The tax strategy group has published a paper on taxation policy and housing.
Looking at the metrics of house prices and house rents, it’s clear that the uplift in demand for houses is significant.
Dublin prices have increased 45% from the trough to the current level, while outside of Dublin, prices are up about 16% from when they bottomed out.
Rental rates both in Dublin and outside of Dublin have risen rapidly, at 19% and 6% respectively, over the past 24 months.
The demand seems insatiable, with houses coming available for rent being snapped up without delay.
Other empirical evidence, such as the DAFT housing report for Quarter 2, points to a chronic lack of supply.
Of course, supply will naturally come on stream as prices continue to rise, but this may not be economically desirable.
The tax strategy group looks at what the tax system currently offers by way of incentives and reliefs for property owners, and the taxation on property transactions.
Continued economic recovery and population increases are listed as the main reasons for increasing demand,which has not been met with an equivalent supply response.
In 2013, 8,400 housing units were completed, increasing to 11,000 in 2014, and expected to amount to 12,500 in 2015.
Data produced by the Central Bank of Ireland for Quarter 3 of 2016, shows that of the 29,000 units traded in 2014, nearly 59% of transactions were purchases by cash buyers.
Piecing together the information from all of these sources, it’s apparent that the housing market is dysfunctional, with property prices rising but not satisfied by supply, and first-time buyers becoming priced out of the market, mainly by investors, who in turn are benefiting from rapid increases in the value of their investments, and increased rental yields.
The tax strategy group report highlights the dangers in subsidising the rent or mortgage interest, noting the Commission on Taxation was of the view that, in the same way that mortgage interest relief increases the cost of housing, rent relief increases the cost of private rented accommodation and, as a result, the tax strategy group ecommended that rent relief should be discontinued.
A push to support buyers and tenants simply adds more to the demand side of the equation.
On the supply side, the tax strategy group explores the property incentives regime, such as the living over the shop scheme.
Wealthy investors were best positioned to benefit from investments in such schemes. And many such schemes overran their useful lifespans, leading to oversupply and dead-weight in certain areas.
The TSG report stops short of recommending the re-introduction of such schemes, but does point out that the ESRI is due to report on how tax policy can support the residential property sector.
Meanwhile, the Union of Students in Ireland has been forced to launch a drive to free up accommodation for students by asking home owners to consider renting spare rooms in their homes.
Interestingly, the tax code grants a tax exemption to a home-owner who is in receipt of rent from the letting of a room in their home, where total gross receipts are below €12,000 per annum.
Stop gaps introduced over the last 23 months, such as the cap on lending limits by the Central Bank, the plan to roll out modular housing, and restrictions imposed on landlords in applying rent increases, have done little to address to lack of supply.
Access to finance, stringent planning regulations, infrastructural constraints, and building costs are highlighted as possible factors which may be affecting supply, according to the ESRI.
The TSG report notes that incentivising developers should be avoided where developers effectively benefit from the incentives.

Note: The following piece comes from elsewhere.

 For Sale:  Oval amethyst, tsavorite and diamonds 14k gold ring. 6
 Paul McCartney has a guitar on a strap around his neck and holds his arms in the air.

Likewise, incentives toward the cost of meeting more stringent regulations are discouraged, until the costs of such stringent building regulations are properly understood.
The TSG report sticks to documenting the existing regime, and does not consider or propose alternative strategies — such as increasing local property tax on vacant properties, and expansion of the Home Renovation Scheme through a higher incentive, or taxation of development land, a so-called “use it or lose it” approach.